Трижды во  время боев на непризнанной войне в Чеченской республике на командира тактической группы Черноморского флота подполковника Вадима Клименко направлялось представление на высокое звание Героя России. «Черные береты» под его командой накрывали склады «духов» с оружием. В одном из таких схронов дожидались своего часа танк и самоходная артиллерийская установка. «Полосатые дьяволы» от разведки участвовали в захвате лагеря для подготовки боевиков самого Хаттаба. Десятки раз черноморцы принимали смертельный бой с опытным и великолепно обученным неприятелем. Тысячи километров исхожено да изъезжено по склизким от солдатской крови горным тропам и дорогам ТОЙ необъявленной, но уже почти десятилетней войне.

В награде ли дело? Ведь ты остался в живых и даже не был ранен. Там, на перевалах горной республики, он обрел проверенную перед лицом смерти дружбу. Героем России стал друг и боевой брат майор Владимир Карпушенко – за них за всех, и живых и мертвых. 

Для подполковника Вадима Клименко как разведчика мгновением высшего счастья были скупые слова  признания после боя спецназовской элиты из «Вымпела» - и среди «обычных» войск есть равные нам профи.
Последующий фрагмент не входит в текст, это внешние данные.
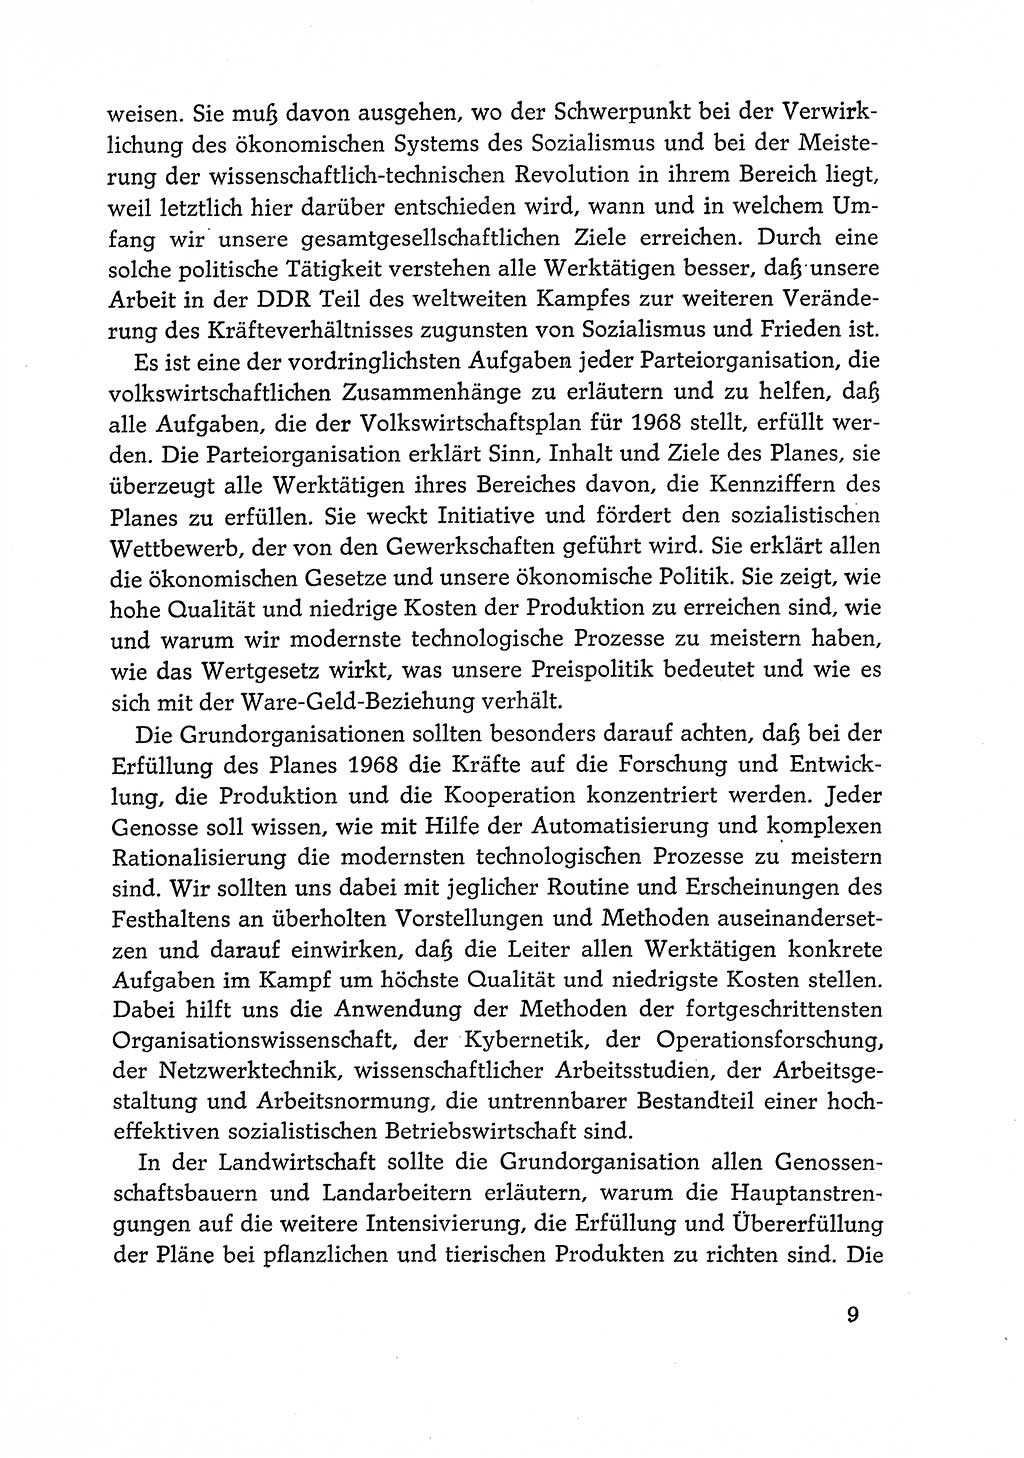 Dokumente der Sozialistischen Einheitspartei Deutschlands (SED) [Deutsche Demokratische Republik (DDR)] 1968-1969, Seite 9 (Dok. SED DDR 1968-1969, S. 9)

Такие как ты, Вадим и твои разведчики.

Подлинное величие русского солдата, как ни изощрялись бы во все времена геббелевско-удуговская пропаганда, в его человеческом сердце. Пронзительный случай навек врежется в память Вадима о той войне. В морозный январь 2000-го, уже ближе к вечеру, разведгруппа возвращалась из поиска. Холод, усталость, казались невыносимыми. Хотелось одного – спать и перехватить  чего-нибудь  из давно забытого горячего питания.
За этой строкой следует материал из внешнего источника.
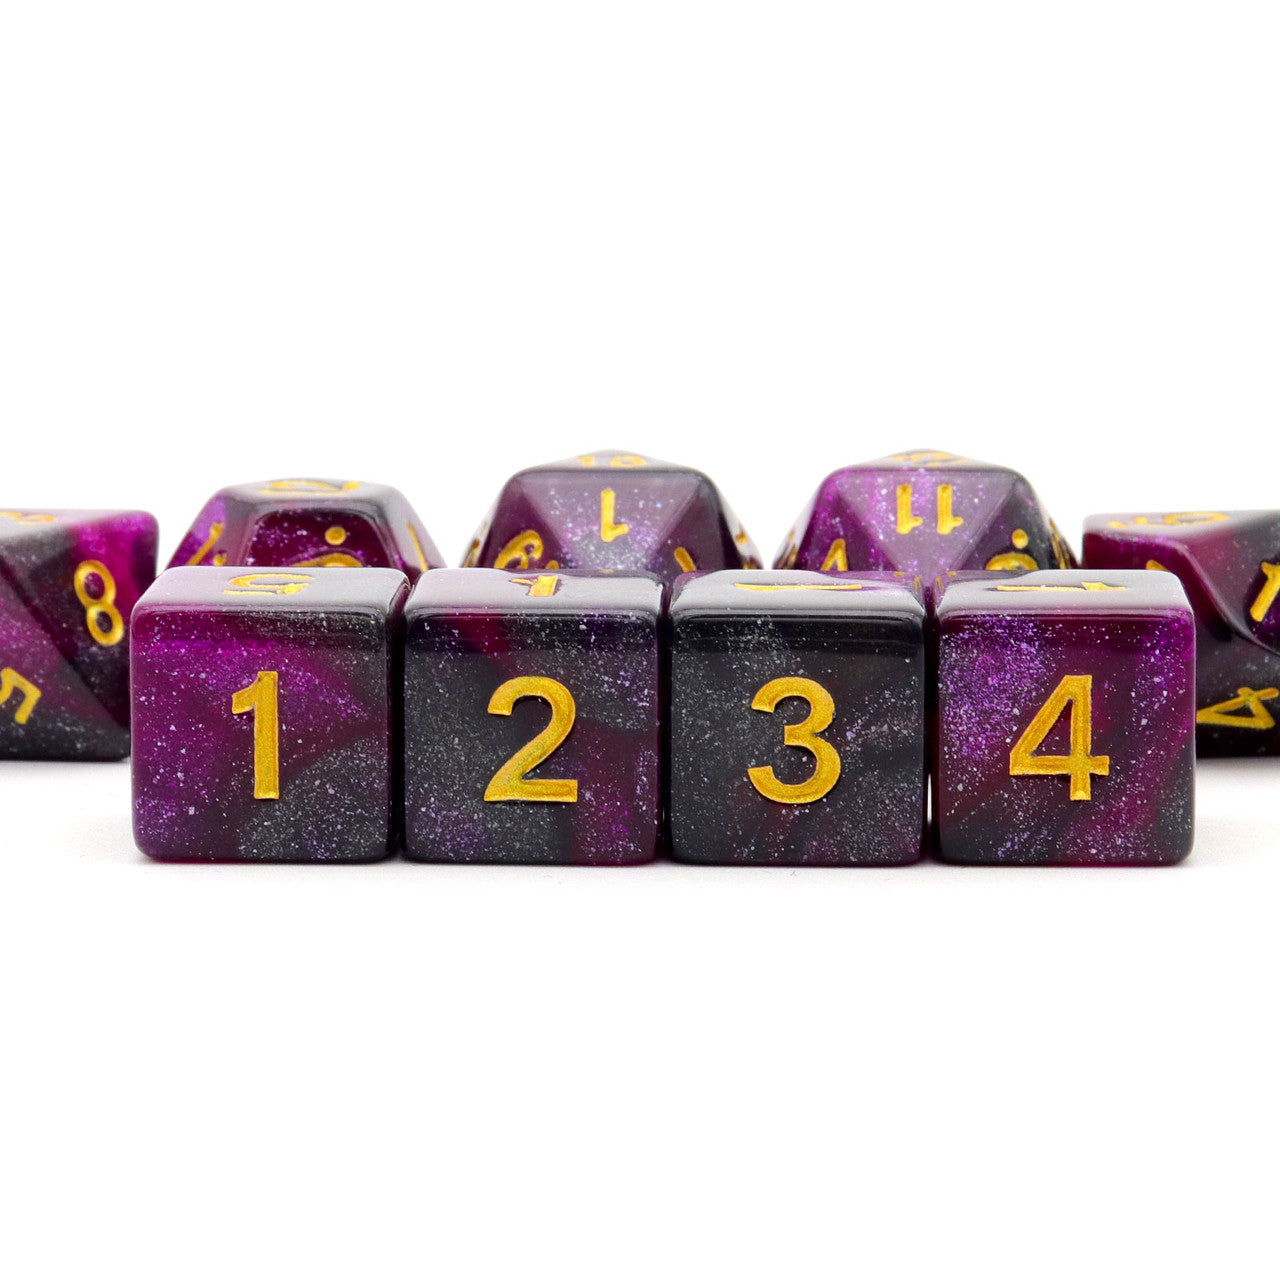 dnd dice, rpg dice, purple dice, dnd dice set,black dice

 На перевале  разведчики увидели заглохший трактор, в прицепе которого сидели чеченцы – женщины, старики, дети. Вскоре выяснилось: беженцы возвращаются домой из Ингушетии. Особист, он был с черноморцами на выходе, предложил Клименко -  давай поможем, развезем по домам. Куда их возьмем, внутри боевой машины полно своих. А посадить на «броню», так детей можно поморозить. И поместится человек десять-двенадцать. Решили не гадать, а спросить самих чеченцев. Старец с длинной и белой, как лунь бородой ответил согласием, ведь чем ждать неизвестно откуда помощи, лучше отправиться с русскими солдатами. Пока хлопотливые мамаши перебирались со своими сорванцами на бронемашину, Вадим подошел к одной старухе, помог забросить куль с вещами наверх БТРа. Вдруг, он услышал, как маленький пацаненок лет четырех буквально заходится в истерическом плаче.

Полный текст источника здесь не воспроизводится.